Надо было сделать какой-то шаг, от чего-то освободиться, может быть, преодолеть психологический барьер, чтобы найти слова, хотя бы для себя, четко очерчивающие новую реальность.
Однажды я сделал этот мысленный шаг и ощутил себя в том пространстве:
Человек оглянулся и увидел себя в себе.
Это было давно, в очень прошлом было давно.
Человек был другой, и другой был тоже другой,
Так они оглянулись, спрашивая друг друга.
Кто-то спрашивал, но ему отвечал другой,
И слушал уже другой,
И никто не мог понять,
Кто прошлый, кто настоящий.
Человек оглянулся и увидел себя в себе...
Я вышел к себе
Через – навстречу – от
И ушел под, воздвигая над.
Переход от плоского двухмерного видения к объему был грандиозным взрывом в искусстве. Об этом писал еще кинорежиссер С. Эйзенштейн в книге «Неравно¬душная природа». Плоскостное изображение древнеегипетских фресок, где люди подобно плоскатикам повернуты к нам птичьим профилем, вдруг обрели бездонную даль объема в фресках Микеланджело и Леонардо. Понадоби¬лось две тысячи лет, чтобы от плоскости перейти к объему. Сколько же понадобится для перехода к четырехмерию?
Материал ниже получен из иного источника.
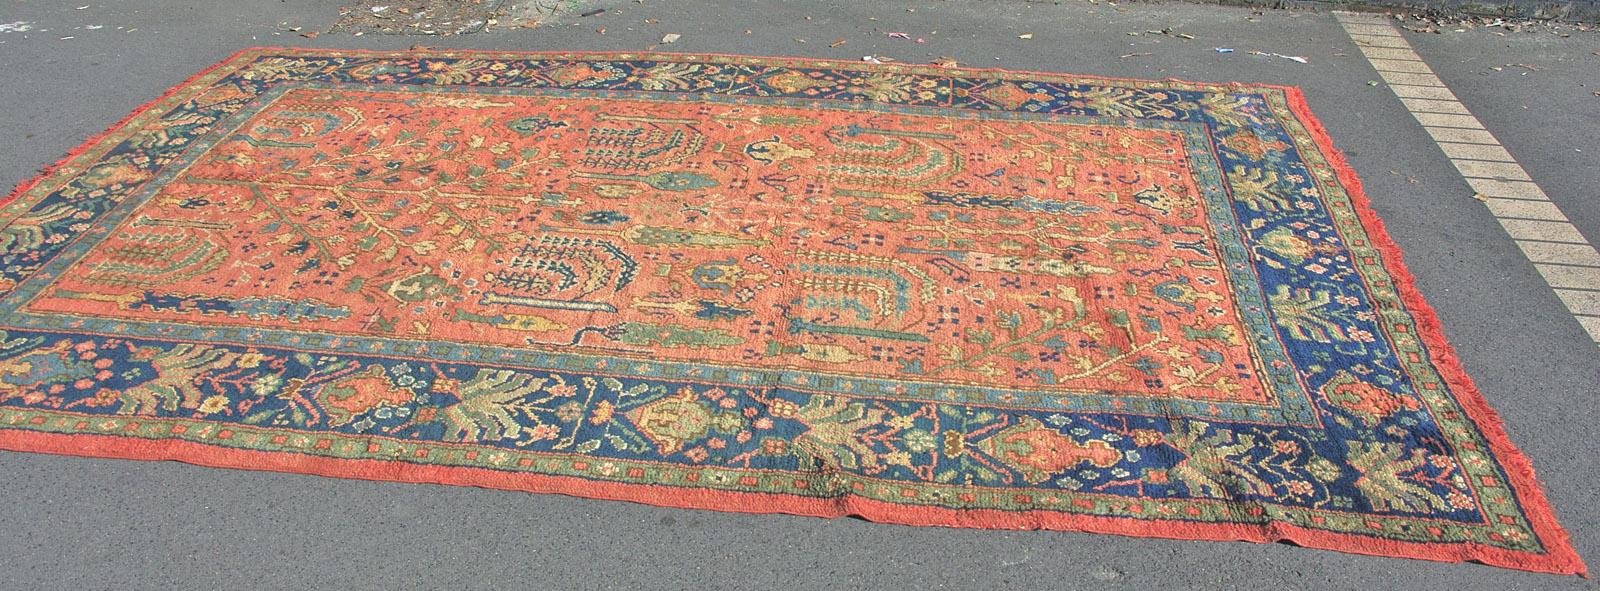 Ushak carpet 345 x 220 cm

Я написал в то время два стиха, где переход от плоскости к объему проигрывается как некая репетиция перед выходом в четвертое измерение.
ПУТНИК
О сиреневый путник
это ты это я
о плоский сиреневый странник
это я ему отвечаю
он китайская тень на стене горизонта заката
он в объем вырастает
разрастается мне навстречу
весь сиреневый мир заполняет
сквозь меня он проходит
я в нем заблудился
идя к горизонту
а он разрастаясь
давно позади остался
и вот он идет мне навстречу
Вдруг я понял что мне не догнать ни себя ни его
надо в плоскость уйти безвозвратно
раствориться в себе и остаться внутри горизонта
О сиреневый странник ты мне бесконечно знаком —
как весы
пара глупых ключиц между правым и левым
для бумажных теней
чтобы взвешивать плоский закат.
Снова и снова прокручивалась идея: можно ли, оставаясь существом трехмерным, отразить в себе четвертое измерение? Задача была поставлена еще А. Эйнштейном и Велимиром Хлебниковым. А. Эйнштейн считал, как мы помним, что человек не может преодолеть барьер. В. Хлеб¬ников еще до Эйнштейна рванулся к «доломерию Лобачевского».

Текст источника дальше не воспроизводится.